Why REST and JDBC Are Killing Your Data Stack — Flight SQL to the Rescue
2025/06/13 - 8 min read
BYData pipelines today feel like an underground fight: you build them fast, but the real battle starts when you try to serve the results. Welcome to Flight Club.
The first rule of Flight Club? You do not talk to REST.
The second rule? You definitely do not talk to REST.
The third rule? If your pipeline goes limp, chokes on JSON, or taps out on throughput, the session is over.

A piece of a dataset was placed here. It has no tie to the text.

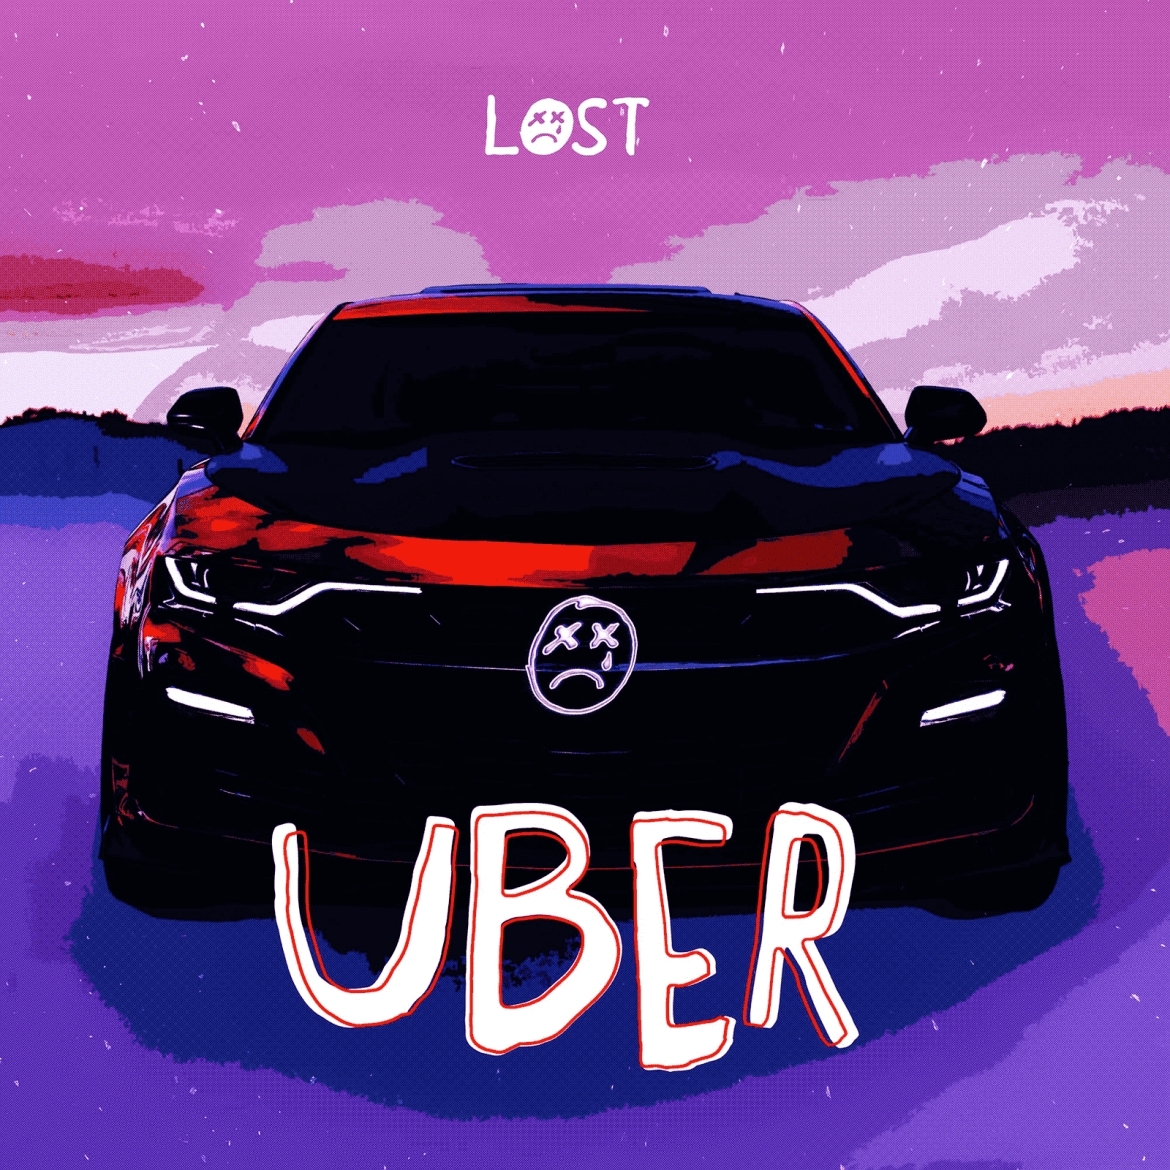 LOST - Uber (Meine Neuen Freunde Publ.), credits by Leon Hahn
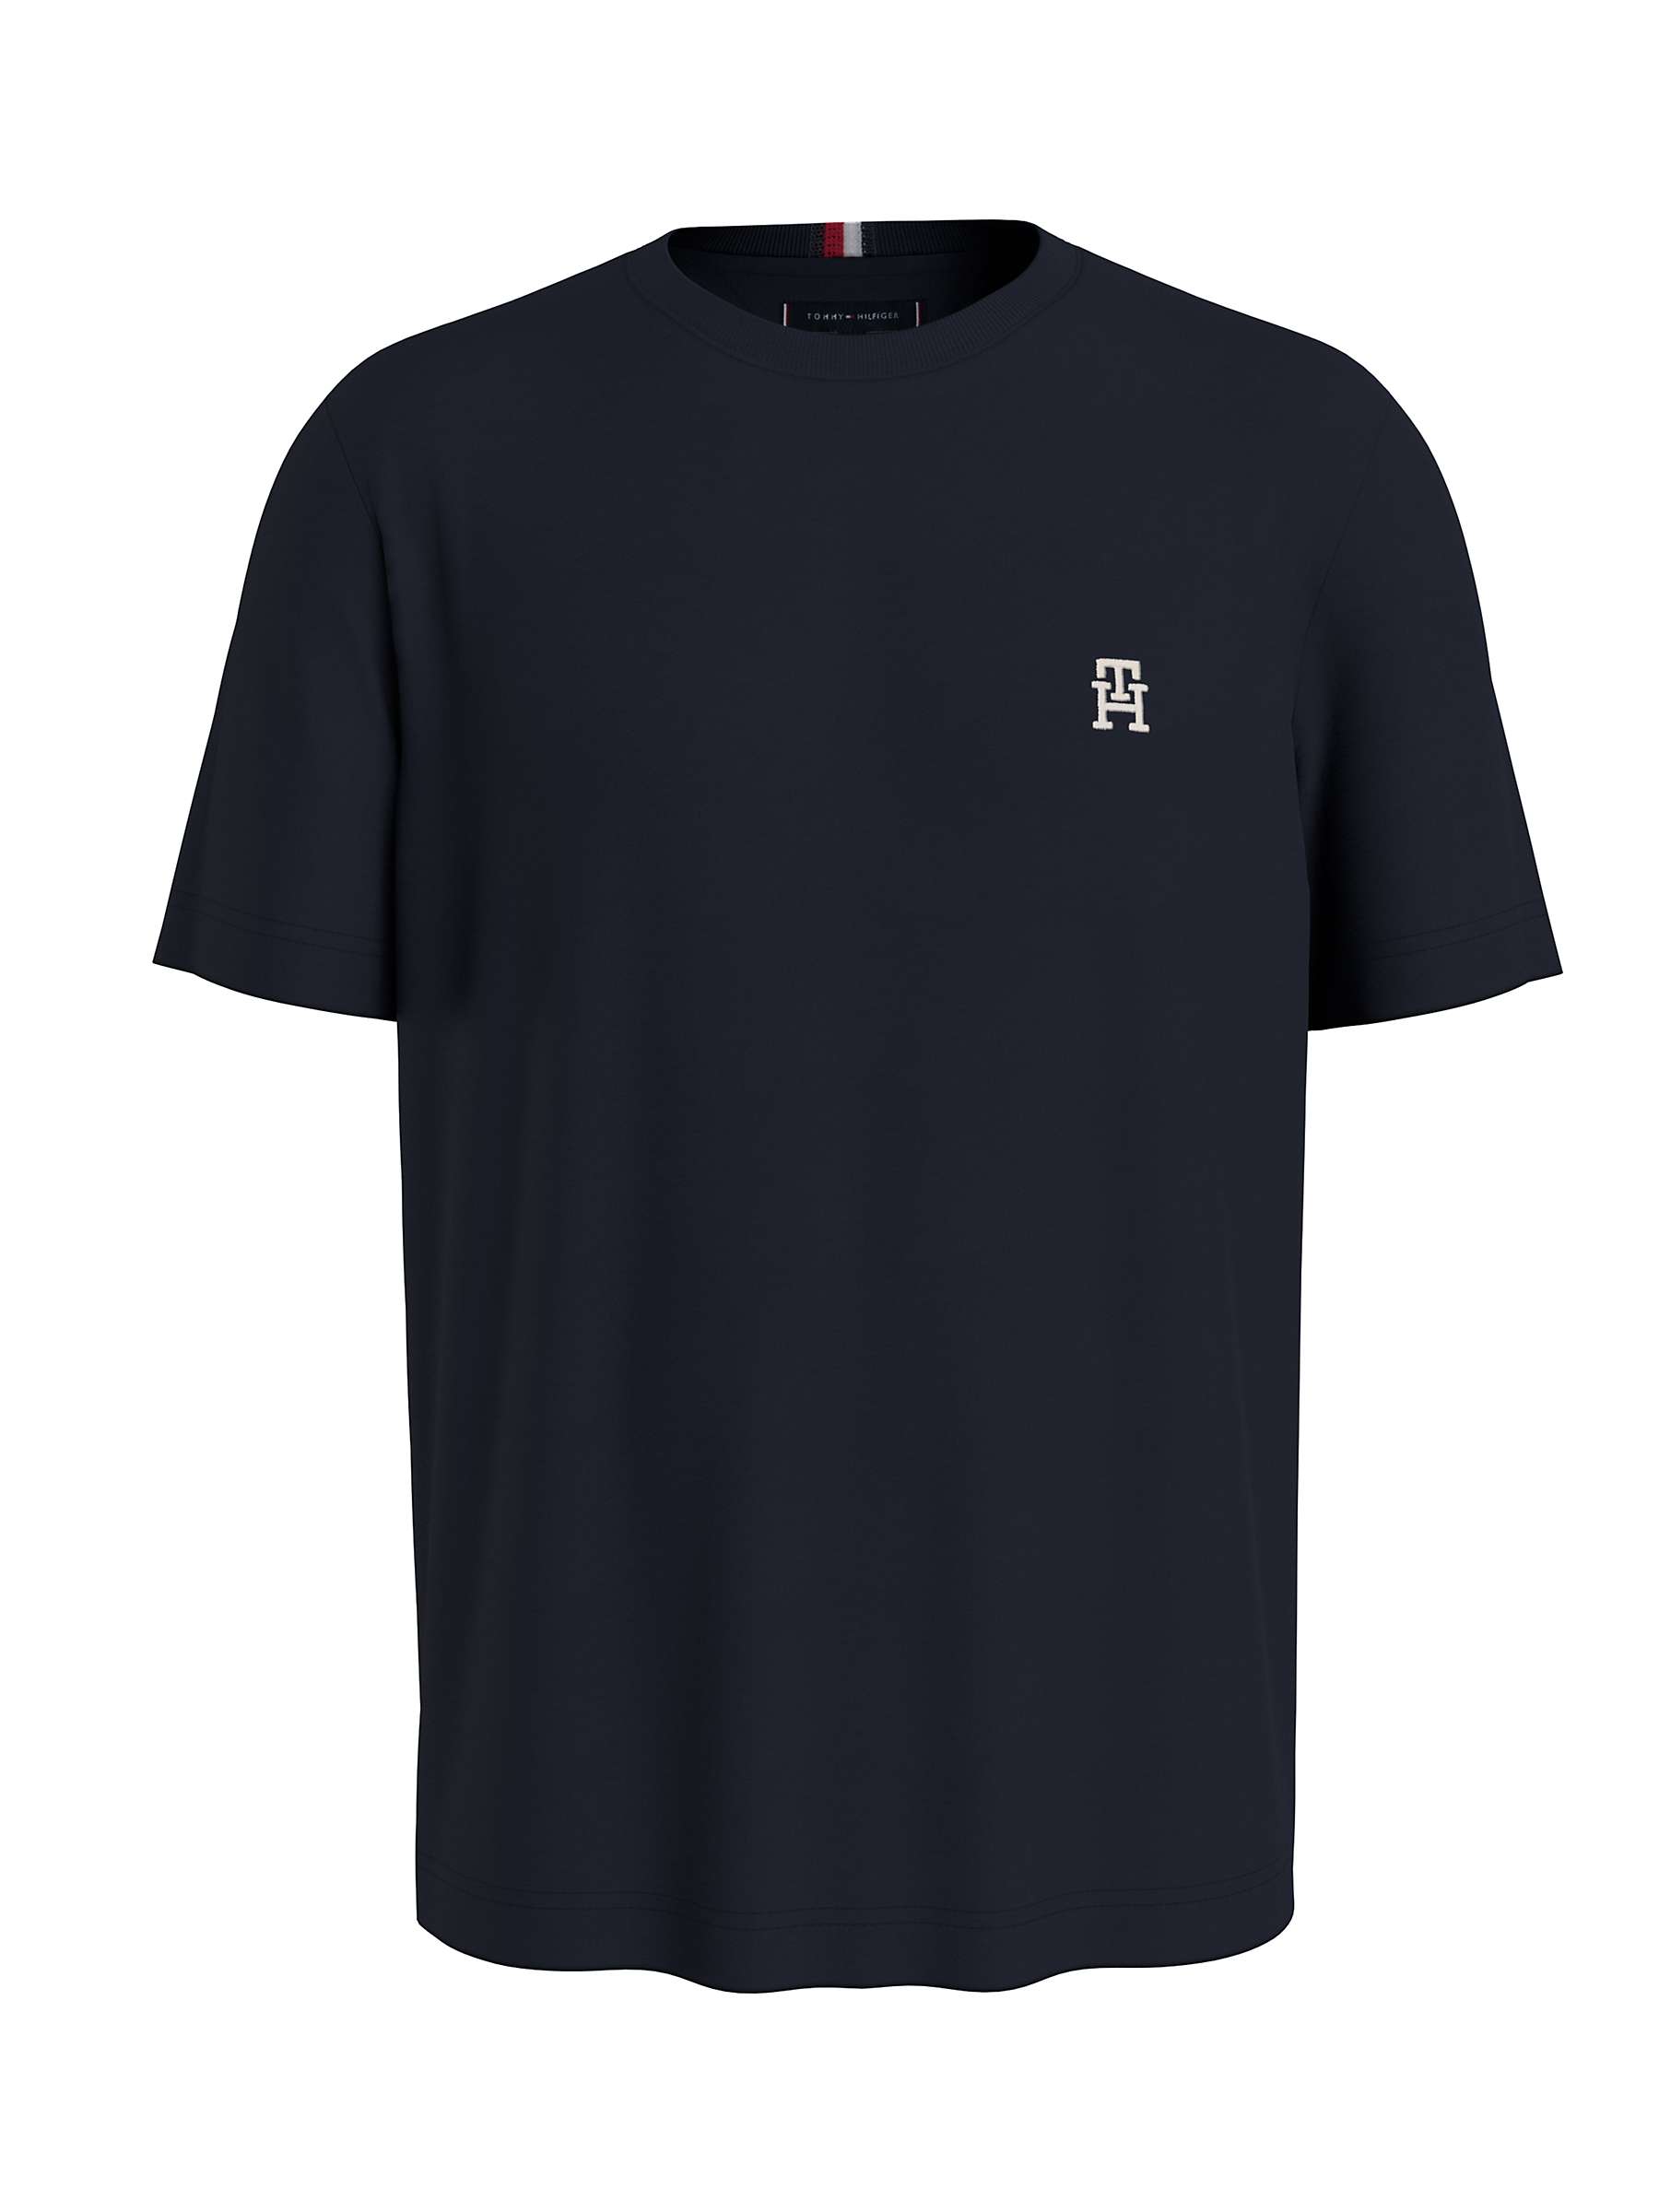 Buy Tommy Hilfiger Monogram T-Shirt, Desert Sky Online at johnlewis.com

DuckDB changed how we do local analytics — the lovechild of SQLite and a supercomputer, delivering screaming-fast OLAP without the servers, clusters, or life-ruining setup scripts.
But modern data teams don't just analyze. They integrate, connect, and serve. From BI dashboards to ML pipelines to that one stakeholder who still loves their pivot tables, the need to expose DuckDB cleanly over a network keeps surfacing.
Picture this: Your team has built a lightning-fast DuckDB analytics pipeline that crunches billions of records in seconds. But when it's time to serve those insights to your dashboards or ML models? You're forced to squeeze that beautiful columnar data through the rusty pipes of REST or JDBC. It's like putting a Ferrari engine in a horse-drawn carriage.
The Problem with REST and JDBC
The problem? REST is duct tape. JDBC is legacy glue. Both are leaky, brittle, and built for another era.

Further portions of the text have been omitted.